I'd like to be able to return by value the CVector with the memory allocated to its member variables intact, whilst ensuring the temporary CVector is correctly deleted when it goes out of scope.
Is there any way this can be done?
Many thanks!
The problem is that you are not following the rule of the three, which basically boils down to: *if you manage resources, then you should provide copy constructor, assignment operator and destructor for your class*.
Assuming that on construction you are allocating memory for the pointers, the problem is that the implicit copy constructor is shallow, and will copy the pointers, but you probably want a deep copy. In the few cases where you do not want a deep copy, control of the manage shared resource becomes more complicated, and I would use a shared_ptr rather than trying to do it manually.
You need to provide a copy constructor for CVector to make copies of the allocated memory. Otherwise, when you return by value, the pointer values will simply be copied and then the temp object is destructed, deallocating the ints. The returned copy now points to invalid memory.
CVector( const CVector& other )
: x ( new int(other.x) )
, y ( new int(other.y) )
{}
Note that it is bad idea to be using raw pointers in your class, especially more than one.
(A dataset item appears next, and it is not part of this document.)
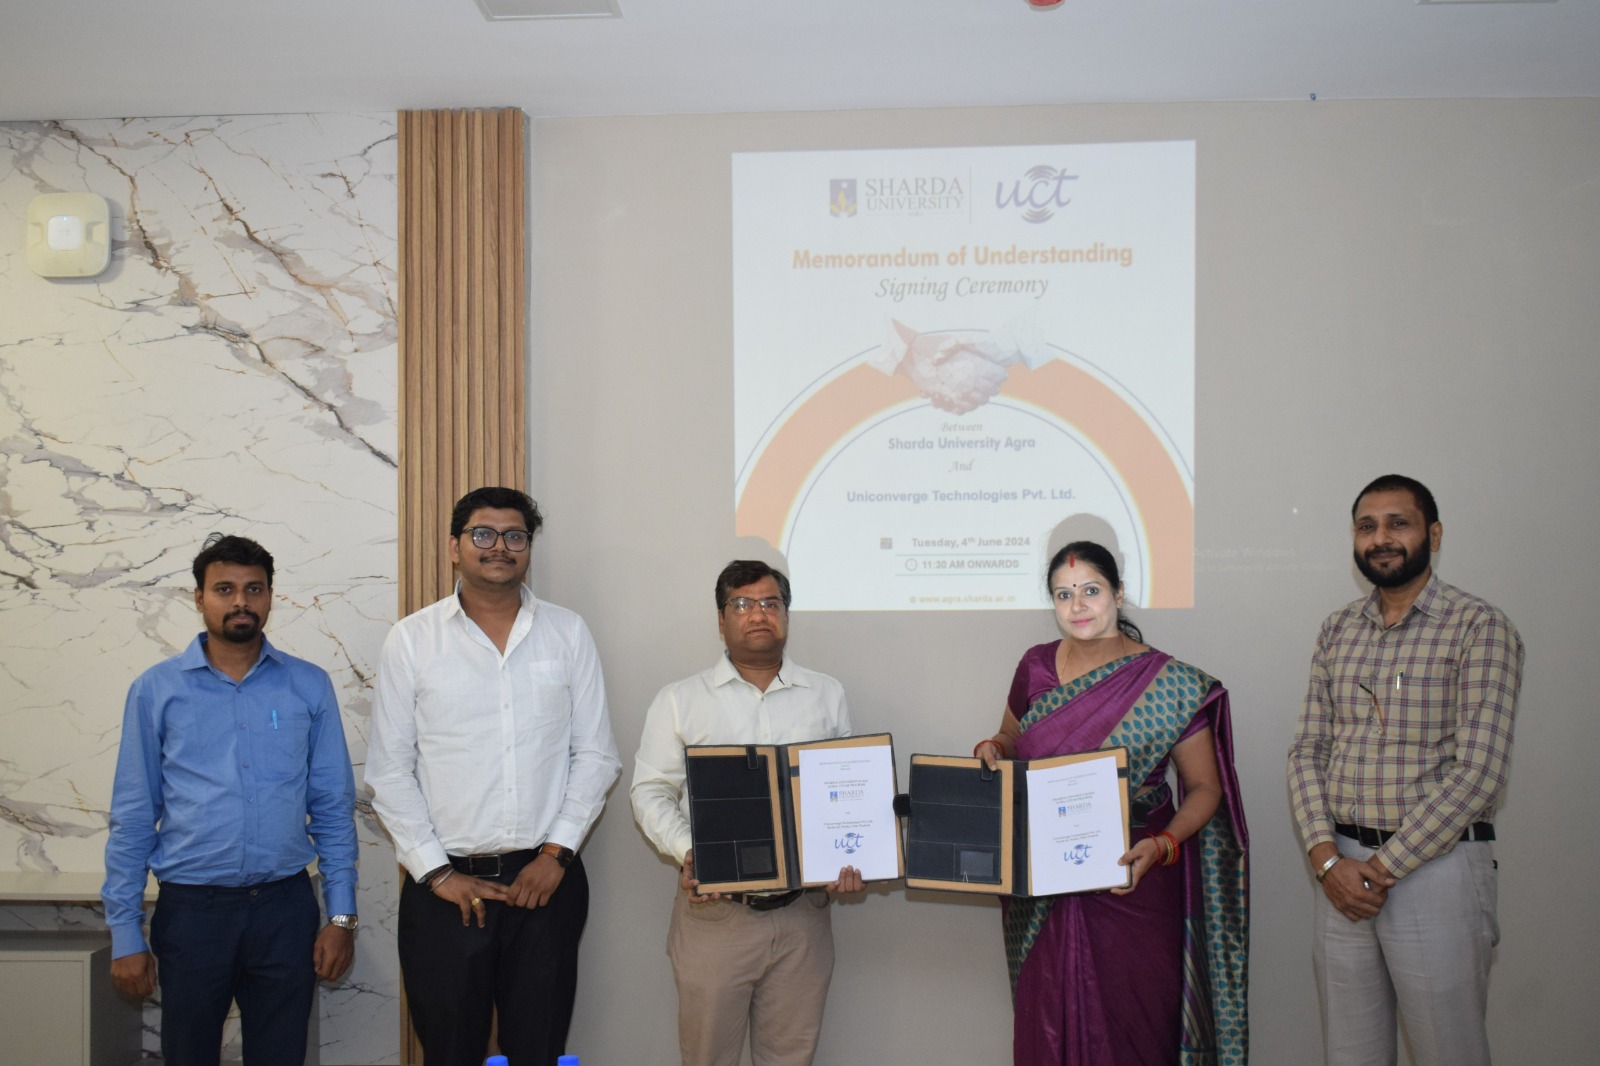 Signed MOU with Uniconvergence Technologies - Sharda University Agra

If the allocation of y fails above and new throws you've got a memory leak (because x is left dangling). You could've allocated within the constructor itself, instead of the initializer list, either within a try-catch, or using the std::nothrow version of new, then check for nullptr. But it makes the code very verbose and error prone.
The best solution is to use some smart pointer class such as std::unique_ptr to hold pointers. If you were to use std::shared_ptr to hold those pointers, you can even share the ints between copies of the class.
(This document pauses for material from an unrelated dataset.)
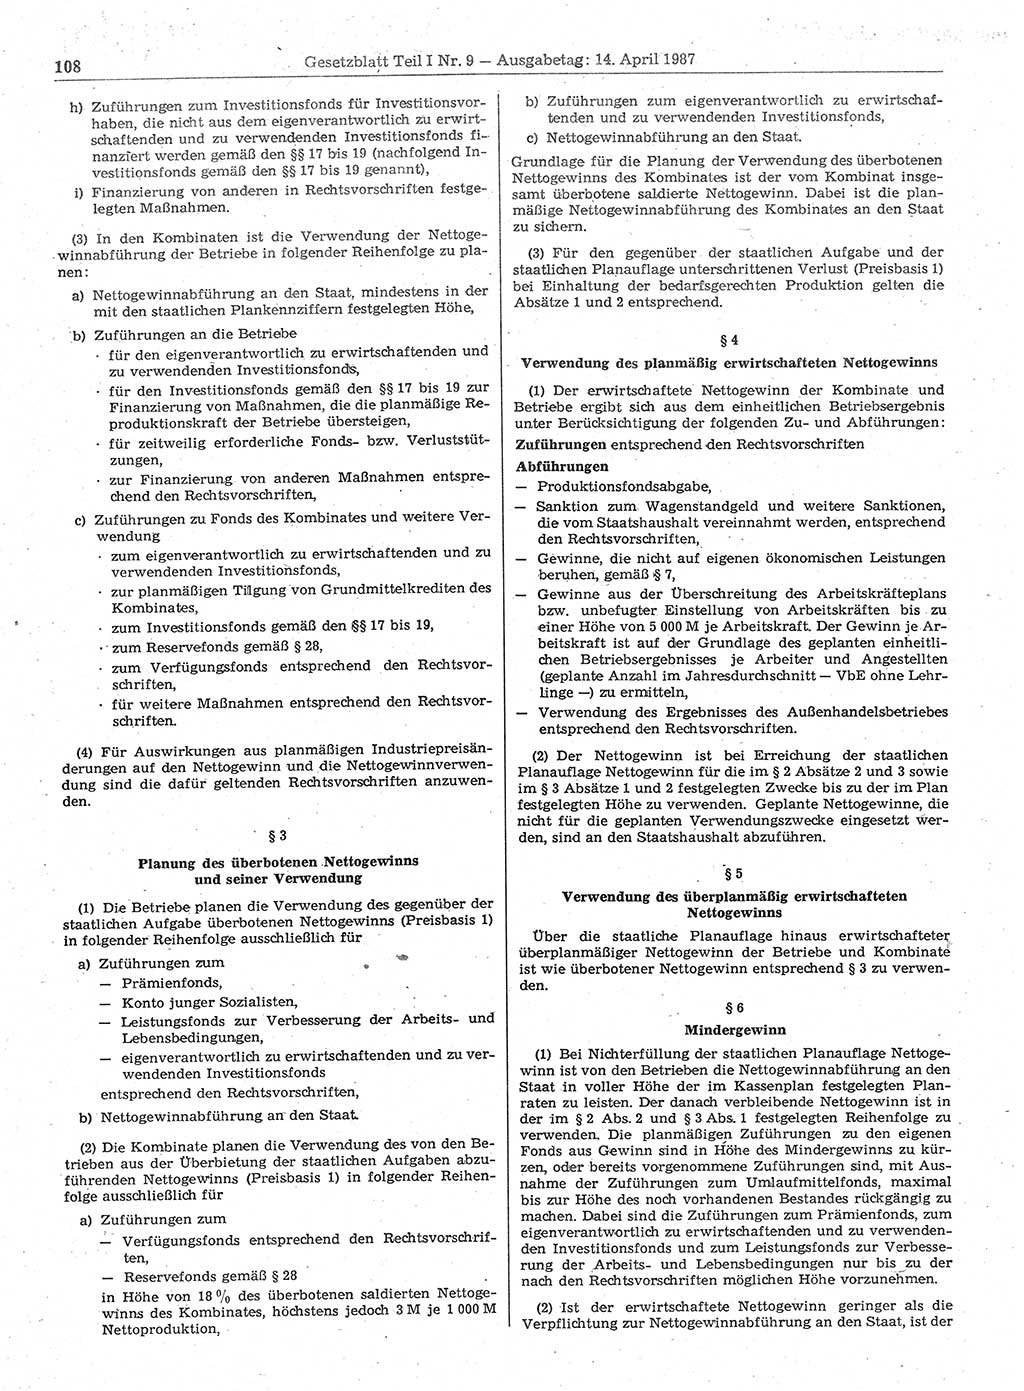 Gesetzblatt (GBl.) der Deutschen Demokratischen Republik (DDR) Teil Ⅰ 1987, Seite 108 (GBl. DDR Ⅰ 1987, S. 108)

The return-by-value causes the returned, temp object to be copied to another object, a temporary "return object". After temp is copied, it is destructed, deallocating your ints. The easiest way to handle this is to use a reference-counted pointer such as tr1::shared_ptr<>. It will keep the memory allocated until the last reference to it is dropped, then it will deallocate.
There are few problems in the given code.
(1) You should allocate proper memory to *x and *y inside the constructor; otherwise accessing them is undefined behavior.
CVector () : x(new int), y(new int) {}
Also make sure that to have copy constructor and operator = where you delete x and delete y before reallocating them; otherwise it will lead to hazards.
(2) delete them in destructor
~CVector () { delete x; delete y; }
(3) Pass argument to operator + by const reference to avoid unnecessary copying.
CVector CVector::operator+ (const CVector ¶m)
{
// code
}
Since you are learning with playing around with pointers, I will not comment on the design perspective of your class, like if they should be pointer or variables or containers and so on.